The 14 features are:
1. age - age in years
1. sex - sex (1 = male; 0 = female)
1. cp - cp: chest pain type -- Value 1: typical angina -- Value 2: atypical angina -- Value 3: non-anginal pain -- Value 4: asymptomatic
1. trestbps - resting blood pressure (in mm Hg on admission to the hospital)
1. chol - serum cholestoral in mg/dl
1. fbs - (fasting blood sugar > 120 mg/dl) (1 = true; 0 = false)
1. restecg - resting electrocardiographic results -- Value 0: normal -- Value 1: having ST-T wave abnormality (T wave inversions and/or ST elevation or depression of > 0.05 mV) -- Value 2: showing probable or definite left ventricular hypertrophy by Estes' criteria
1. thalach - maximum heart rate achieved
1. exang - exercise induced angina (1 = yes; 0 = no)

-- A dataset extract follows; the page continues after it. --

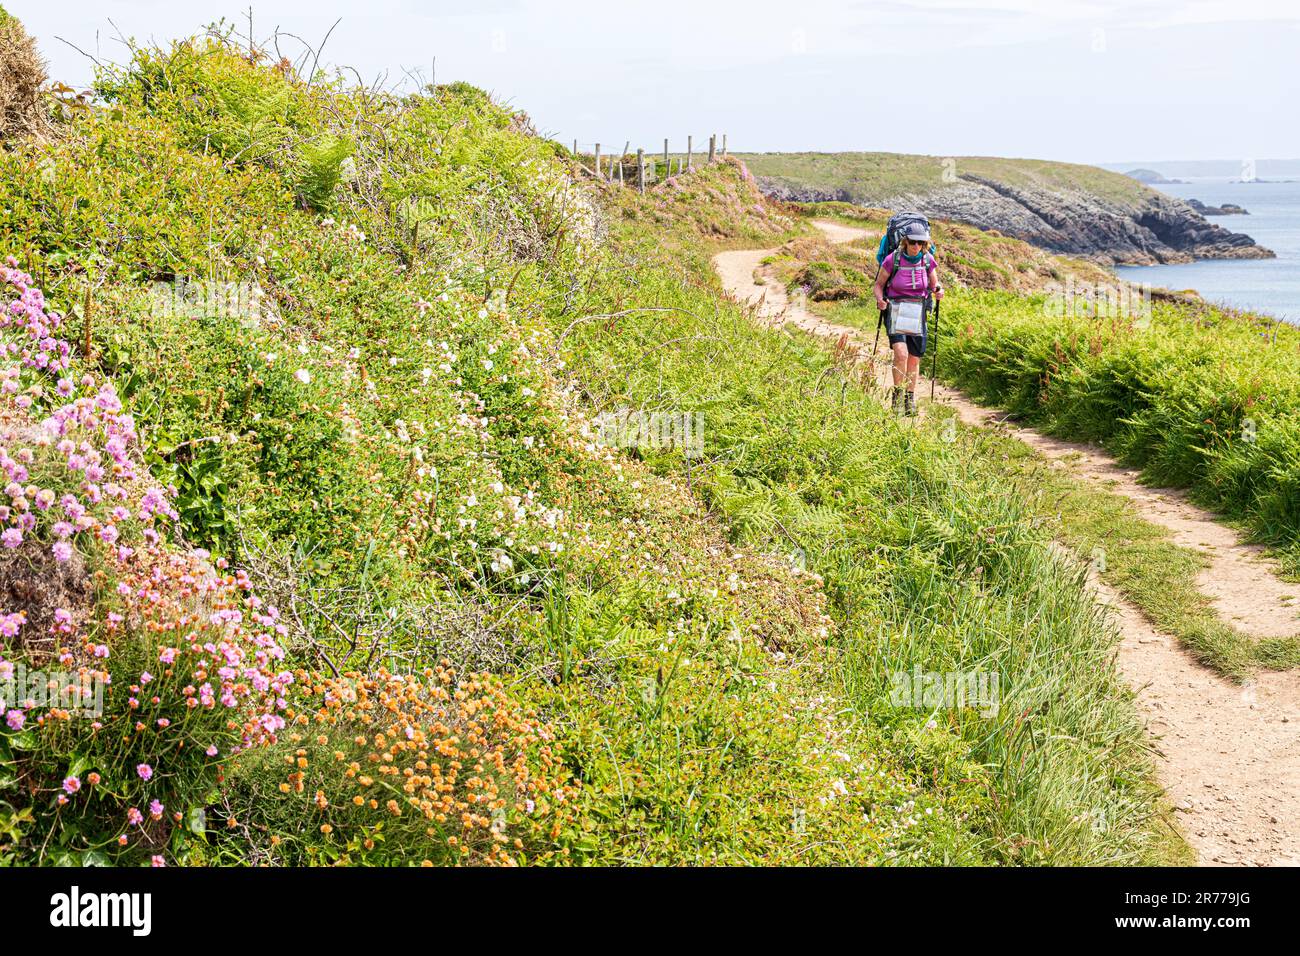 Female hiker walking on Pembrokeshire Coast Path National Trail at St Non's Bay on the St David's peninsula in the Pembrokeshire Coast National Park. Stock Photo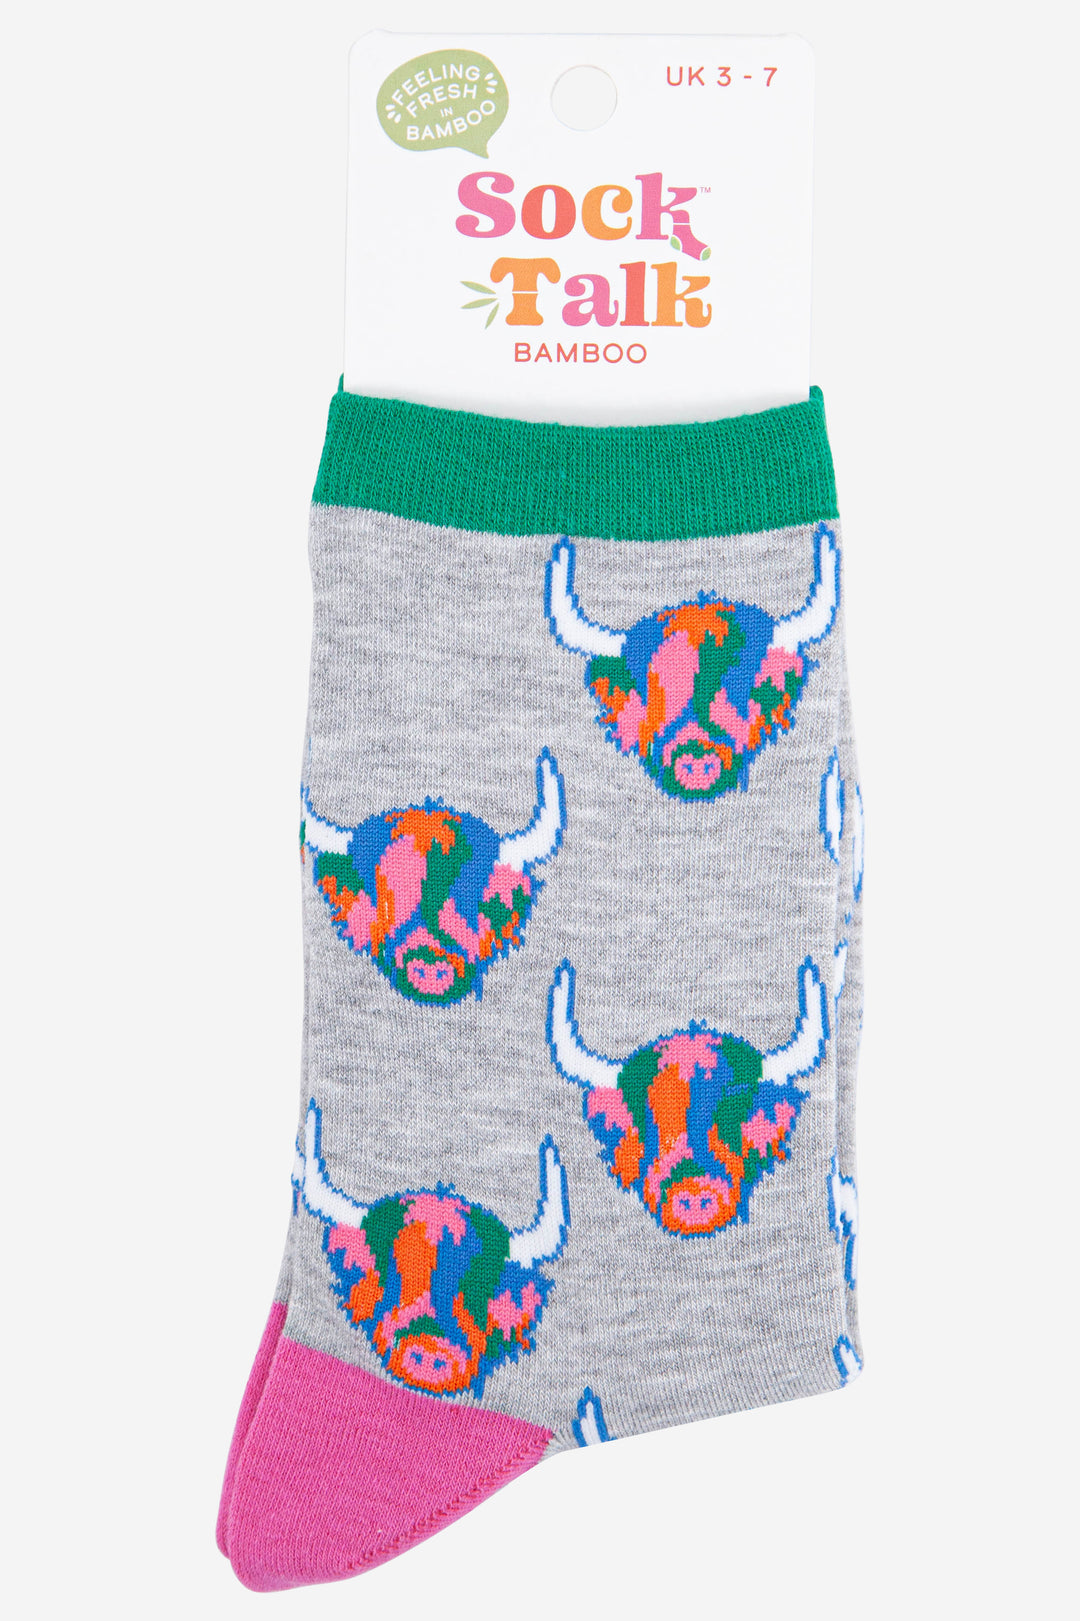 ladies grey bamboo socks with an all over pattern of colourful highland cow faces, uk size 3-7

1. oldpeak - ST depression induced by exercise relative to rest
1. slope - slope: the slope of the peak exercise ST segment -- Value 1: upsloping -- Value 2: flat -- Value 3: downsloping
1. ca - number of major vessels (0-3) colored by flourosopy
1. thal - 3 = normal; 6 = fixed defect; 7 = reversable defect
1. num (the predicted attribute) - diagnosis of heart disease (angiographic disease status) -- Value 0: < 50% diameter narrowing -- Value 1: > 50% diameter narrowing
### Modeling
First, I removed any observations with NA entries from the training dataset, then used those observations to cross validate decision tree and k nearest neighbors models.
```{r}
# temp remove any observation with any missing data
hd_trn_full = na.omit(hd_trn)
# with cross-validation, tune decision tree, knn
cv_5 = trainControl(method = "cv", number = 5)
hd_tree_tune = expand.grid(
cp = c(0, 0.0001, 0.001, 0.01, 0.1, 1)
)
hd_tree_mod = train(
form = num ~ .,
data = hd_trn_full,
method = "rpart",
trControl = cv_5,
tuneLength = 10
)
hd_knn_tune = expand.grid(
k = 1:100
)
hd_knn_mod = train(
form = num ~ .,
data = hd_trn_full,
method = "knn",
trControl = cv_5,
tuneGrid = hd_knn_tune
)
```
***
## Results
I found that the decision tree model had the highest accuracy, so I chose this as my best model with the highest accuracy being 0.627.
```{r}
hd_tree_mod
```
***
## Discussion
62% accuracy does not mean one should trust this model and depend on it to determine if there's a presence of heart disease. The data being used is from 1988, and the medical world seems to have changed very much since then. Anyways, if this model is used to predict any sort of presence of heart disease, there's a chance that the prediction could a false positive or false negative. If someone uses some of the features and the models predicts they do not have heart disease, that person should still be vigilant and suggest a small possibility that the model is not correct. On the other hand, if someone uses the model and it predicts they do have heart disease, then they should seek a cardiologist and professional assistance rather than depending on a prediction model.
***
## Appendix
* Angiography or arteriography - a medical imaging technique used to visualize the inside, or lumen, of blood vessels and organs of the body, with particular interest in the arteries, veins, and the heart chambers.
* fluoroscopy - type of medical imaging that shows a continuous X-ray image on a monitor, much like an X-ray movie. During a fluoroscopy procedure, an X-ray beam is passed through the body.
* electrocardiography - process of producing an electrocardiogram (ECG or EKG). It is a graph of voltage versus time of the electrical activity of the heart using electrodes placed on the skin.